Marek Hlasko was the wunderkind of the Polish Spring of 1956 — a young writer (born in 1934), without much formal education who emerged to give voice to the darker side of the post-war Polish experience in the brief thaw following Khrushchev’s denunciation of Stalin. Hailed for his gritty work and just as quickly shunned by the literary apparatchiks, Hlasko, having been sent to Paris in 1957 to boost Poland’s literary reputation abroad, became an exile for the rest of his brief life; he died of a drug overdose in Germany in 1969. Among his other places of sojourn in his exile years, Hlasko spent a year or two in Israel, which he credits with saving his life. Killing the Second Dog (Drugie zabicie psa in Polish; published in 1965) is one of several fictions Hlasko wrote with an Israeli setting. This edition, from a new small press specializing in translations of foreign literature, is a reprint of a 1990 translation. New Vessel Press is to be commended for bringing Hlasko back to the attention of English speaking readers.

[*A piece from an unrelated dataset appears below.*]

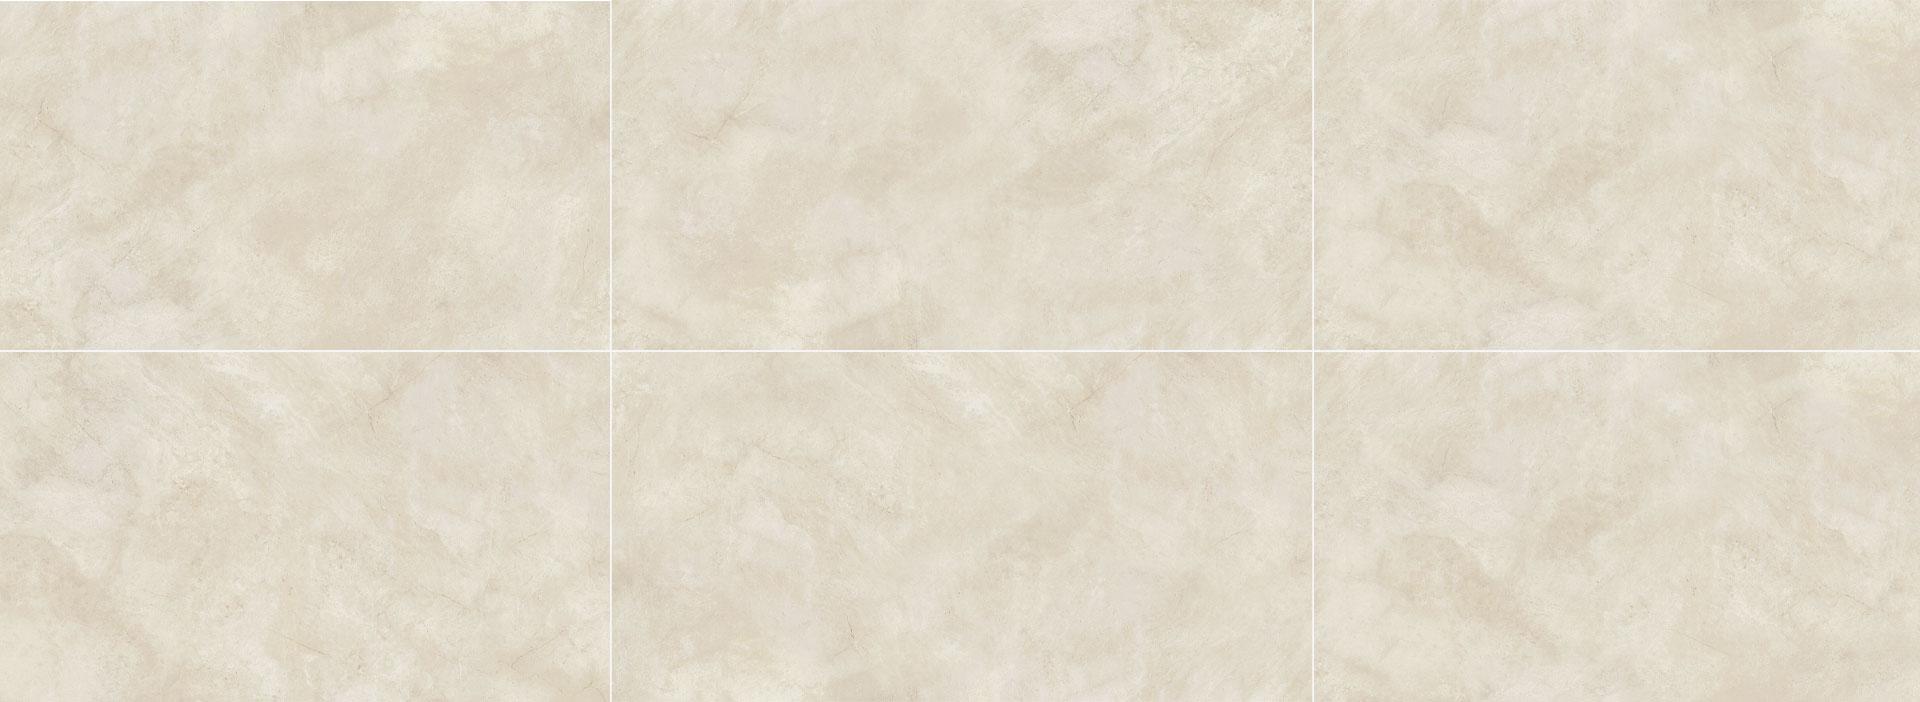 Stone Marfil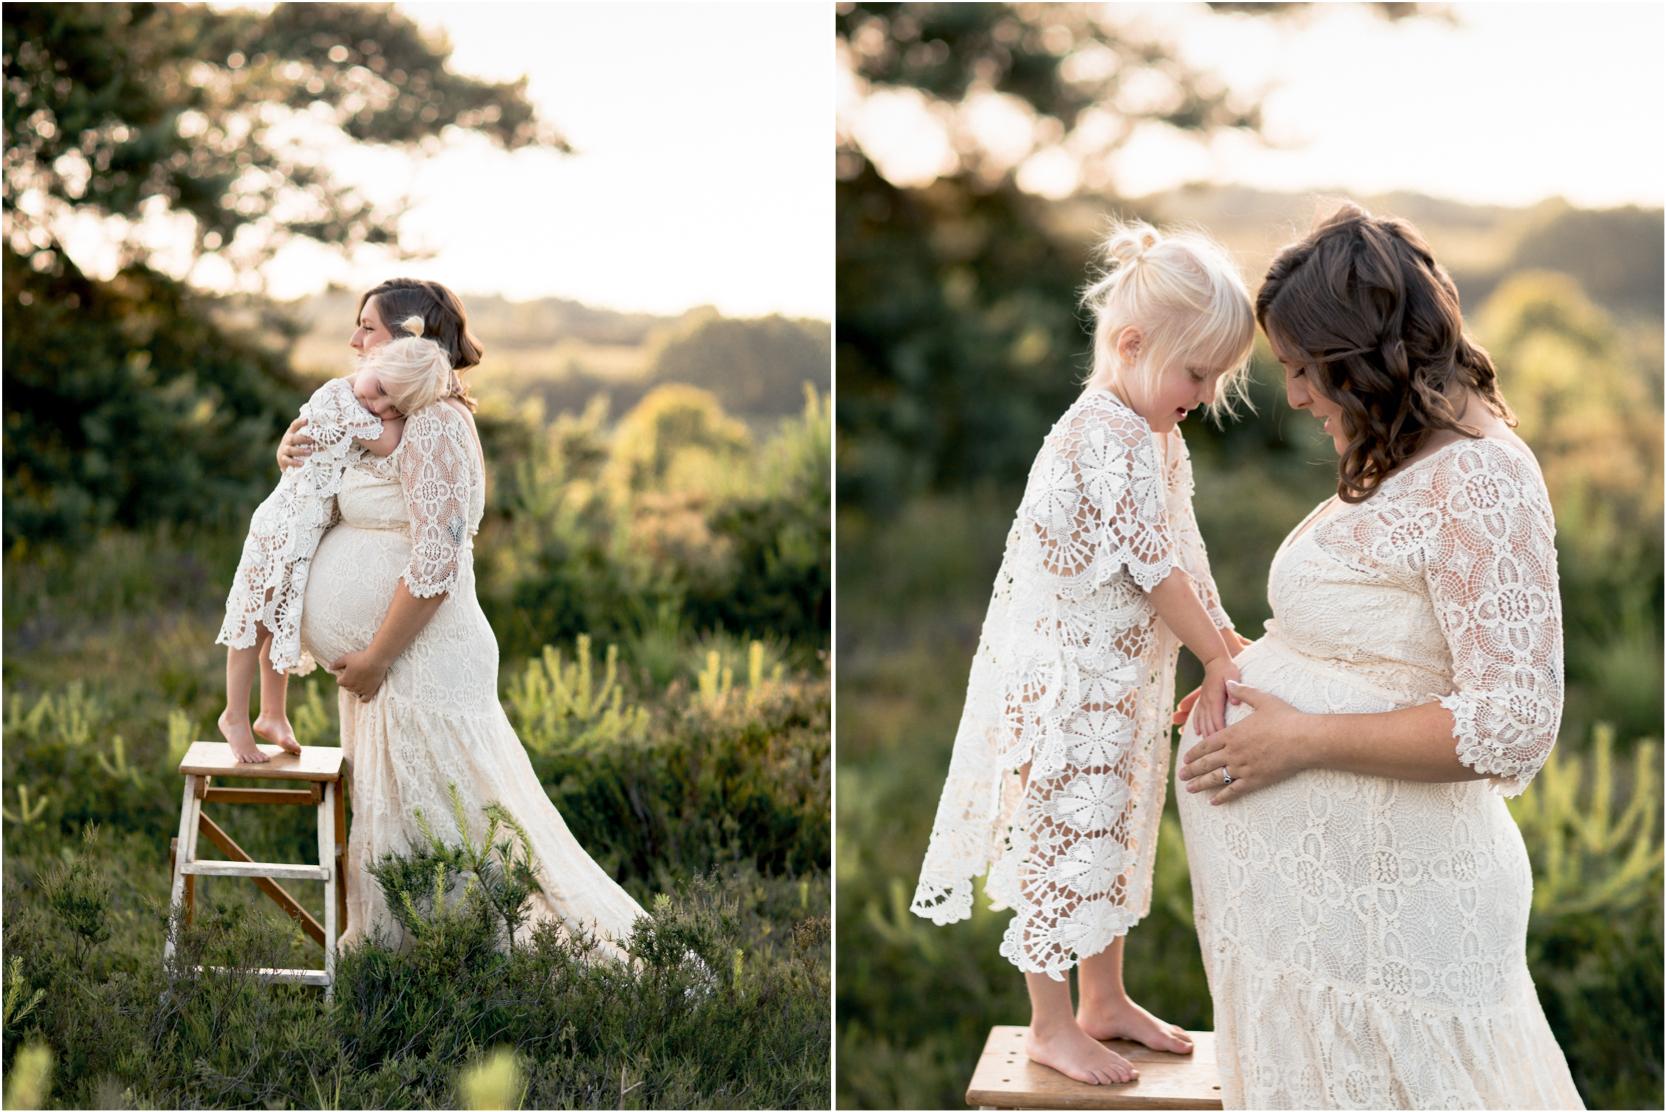 Rebecca Searle Photography Maternity Photography 3.jpg

Killing the Second Dog is a grim and absurdist tale of two con men who make a living (barely) by swindling middle-aged, rich American women vacationing in Israel. The narrator is a going-to-seed hunk who lures the women on and eventually asks them for money to pay off creditors. His partner, the “brains” behind the operation, is a down-at-heels theater director. The two engage in terse dialogues about the nature of acting and the effects of language, giving the brief story a kind of philosophical heft. The raffish areas of early-1960s Tel Aviv, populated by a grotesque crew of drifters, hunchbacks, drunks, and drug addicts, provide a suitably noir setting.
Like the existential heroes of Sartre and Camus, or the Beat characters of Jack Kerouac’s fiction, Hlasko’s characters drift almost randomly in a meaningless world. Jacob, the narrator, seems incapable of human connection until his feelings for his latest prey almost seem to trip him up. In a moment of self-revelation, he yearns to strip away his mask to reveal a soul tormented by the horrific images of his childhood in war-ravaged Poland. But he pulls back from this moment of connection (and the connection he makes with his victim’s young son — a somewhat unbelievably drawn foul-mouthed child), and brings the sordid plot to its planned shocking conclusion (involving the titular dog).
On its own, Killing the Second Dog may not be in the same league as Camus’s The Stranger, to which it has some superficial parallels. But it speaks to the existential drift of a generation lacerated by the twin horrors of total war and totalitarian domination.